A caracterização das personagens não é exaustiva. Aliás, inicialmente até é reduzida, com a apresentação de pequenos episódios que nos mostram as suas principais características. Mas é o suficiente e vai sendo confirmada e fortalecida com novos episódios ao longo da narrativa. Sendo um livro YA, onde o ritmo é importante, diria que existe equilíbrio entre a acção e a caracterização, resultando num ritmo interessante – não excessivo, mas o suficiente para que a leitura vá acelerando com a progressão da história. Não é propriamente um page turner, mas cativa o suficiente para ter pegado no segundo volume logo a seguir a terminar este.

A par com a caracterização ou momentos mais pausados, existe alguma acção e tensão, bem como pequenos segredos (de diversas personagens) que vão sendo apresentados e explorados. Existem, também, momentos mais introspectivos ou informacionais que ajudam a compreender um pouco melhor as regras deste futuro.
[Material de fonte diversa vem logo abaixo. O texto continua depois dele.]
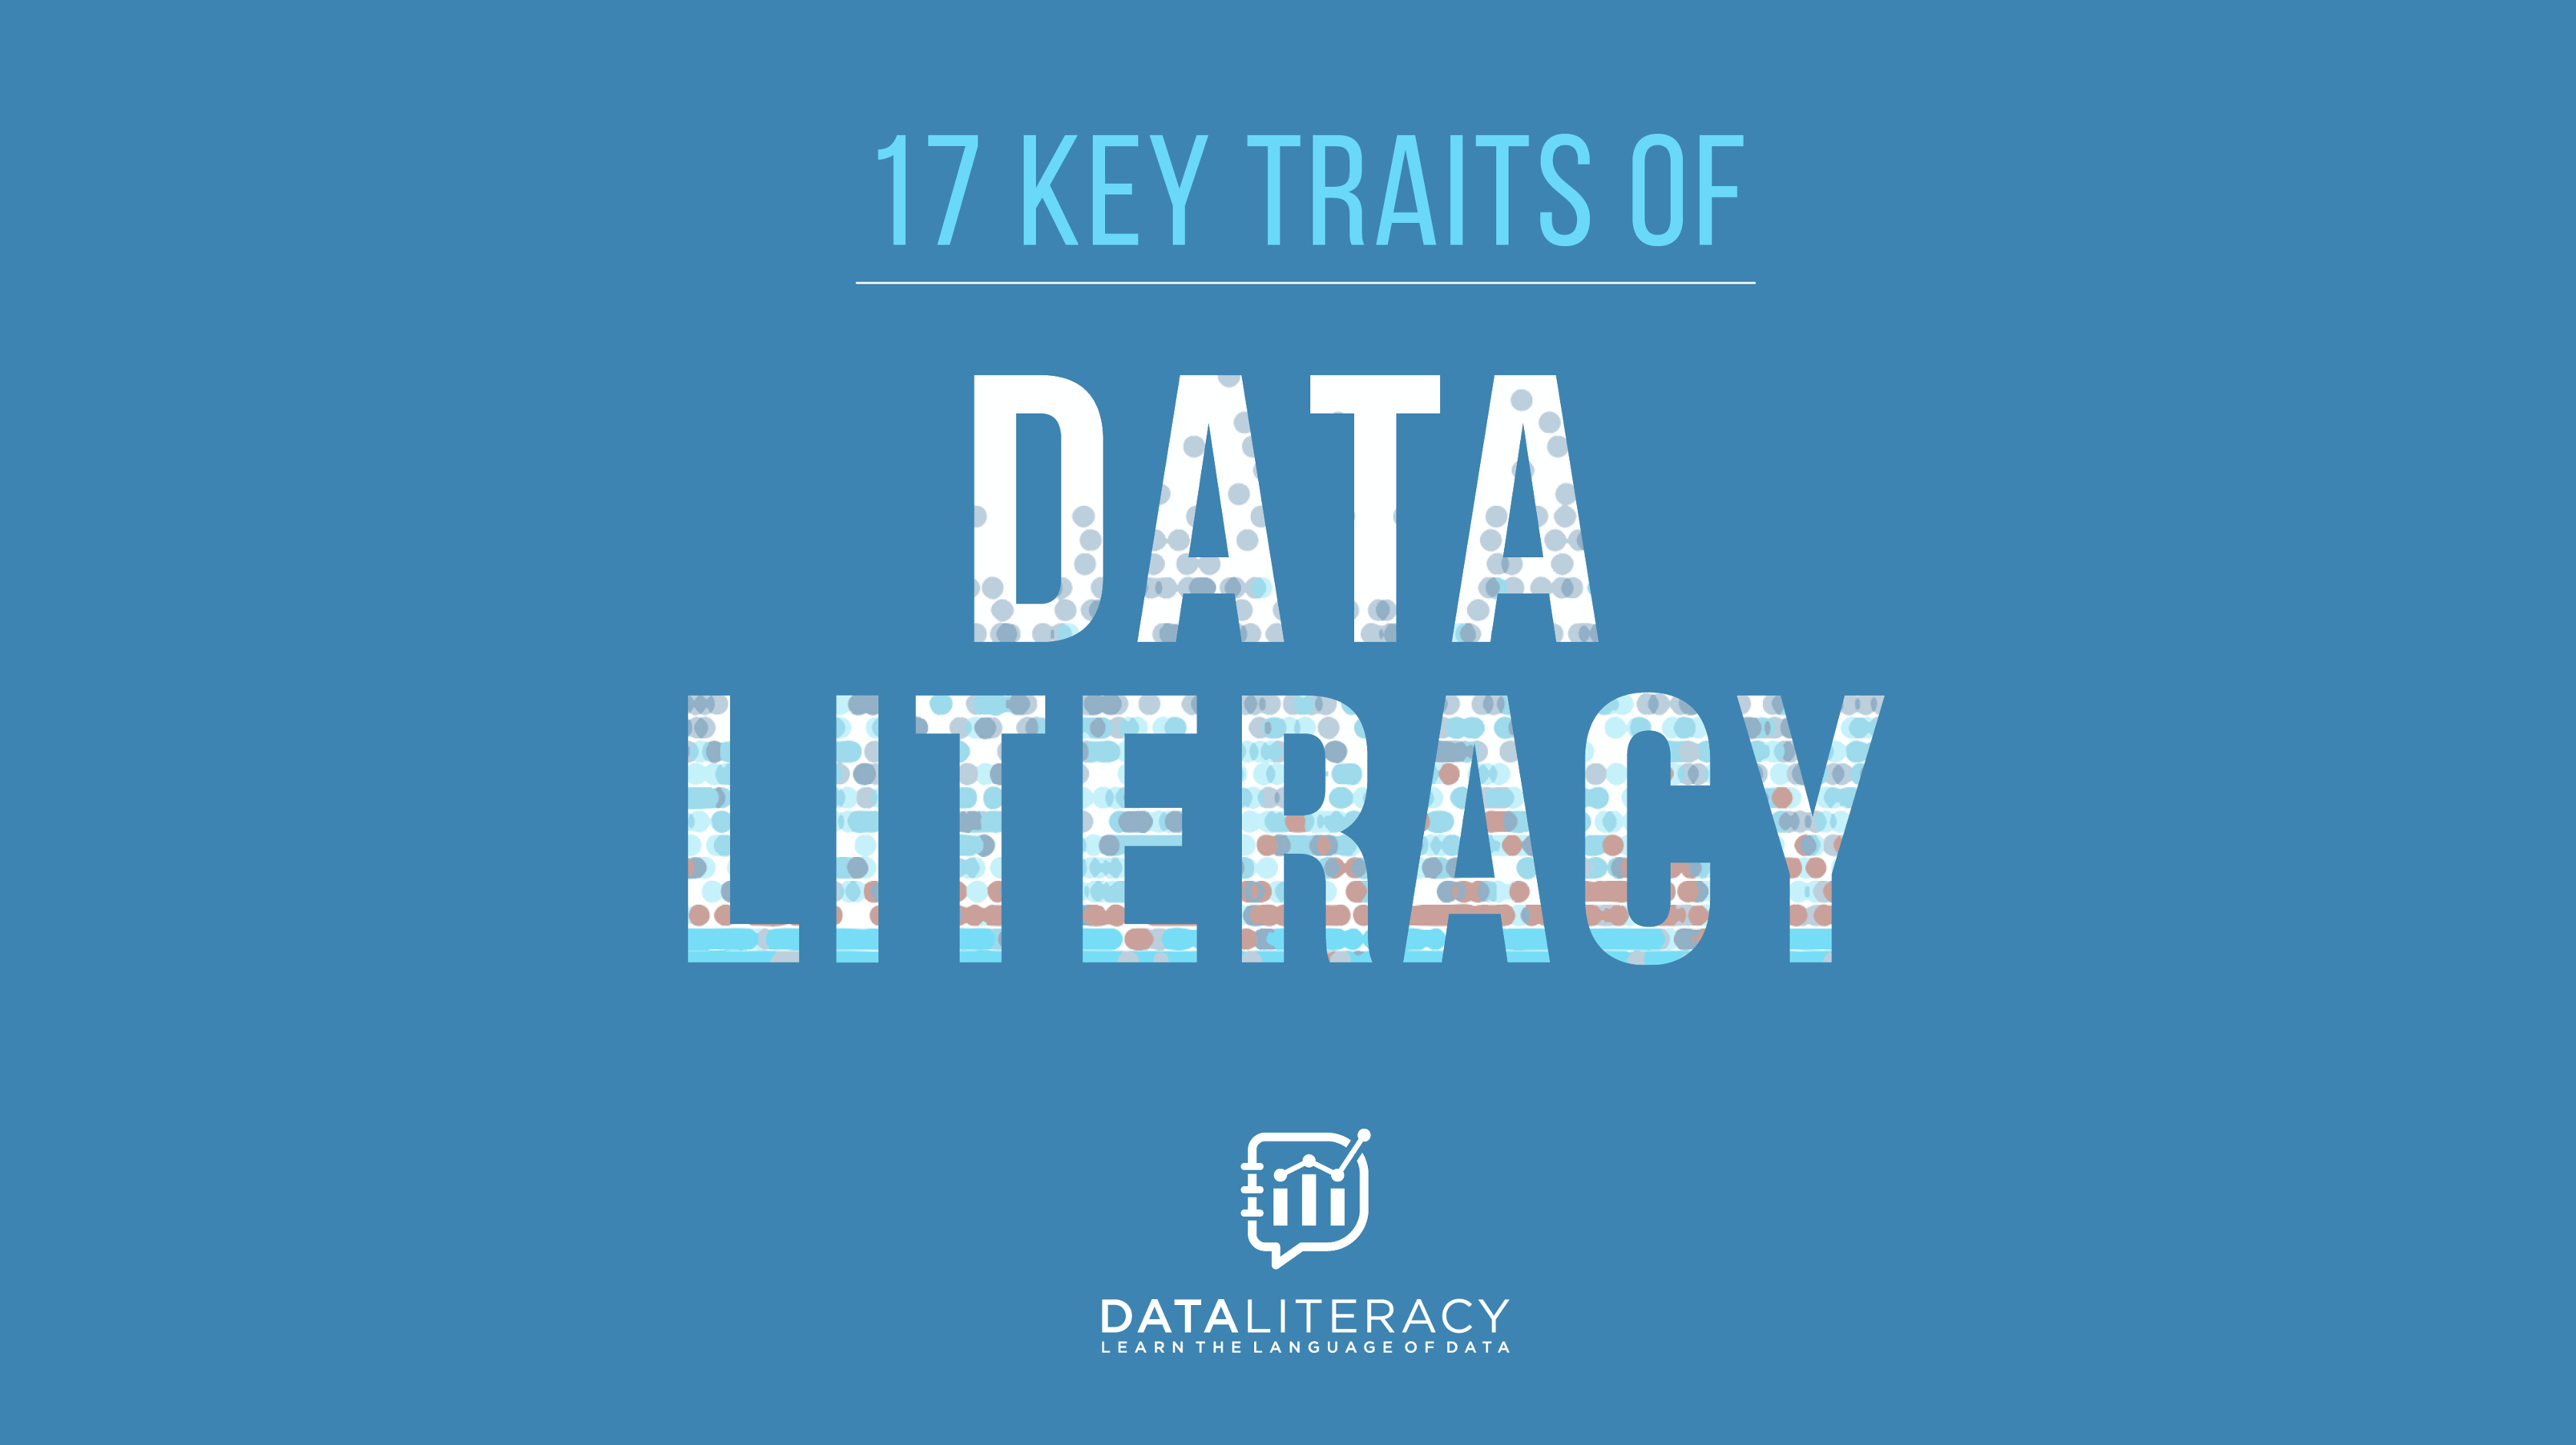 Thanks for Purchasing the 17 Key Traits of Data Literacy On-Demand Course | Data Literacy

A narrativa consegue ir surpreendendo, com o apresentar de novas reviravoltas quando achamos que está estabelecida a base para a progressão da história – reviravoltas estas que agudizam ou se sobrepõem ao conflito inicial, tornando-o progressivamente menos relevante.

Pegando neste volume como ficção científica, existem vários elementos interessantes e bem explorados, ainda que existam, também, detalhes tecnológicos pouco desenvolvidos ou pouco explicados. Diria que uma das componentes mais curiosas (que é explorada tangencialmente) é a questão sobre o sentido da vida – num mundo onde tudo se conhece, onde a imortalidade é uma realidade e a doença deixou de existir, qual o objectivo? A que podem aspirar as pessoas? De onde vem a concretização? Saindo do núcleo dos ceifadores vemos esta questão abordada com algumas personagens secundárias que, naquela realidade, parecem estar estagnadas.

Ceifador é o primeiro volume de uma trilogia YA, que consegue surpreender pela fluidez da narrativa, ao usar uma premissa de ficção científica e ao desenvolver uma sociedade que, tendo algumas semelhanças com a nossa, parece ter atingido o auge daquilo a que podem aspirar os seres humanos. Que tipo de futuro pode existir neste futuro? Esta é uma das questões que, dadas as primeiras páginas do segundo volume, parece-me que será desenvolvida com a progressão da história.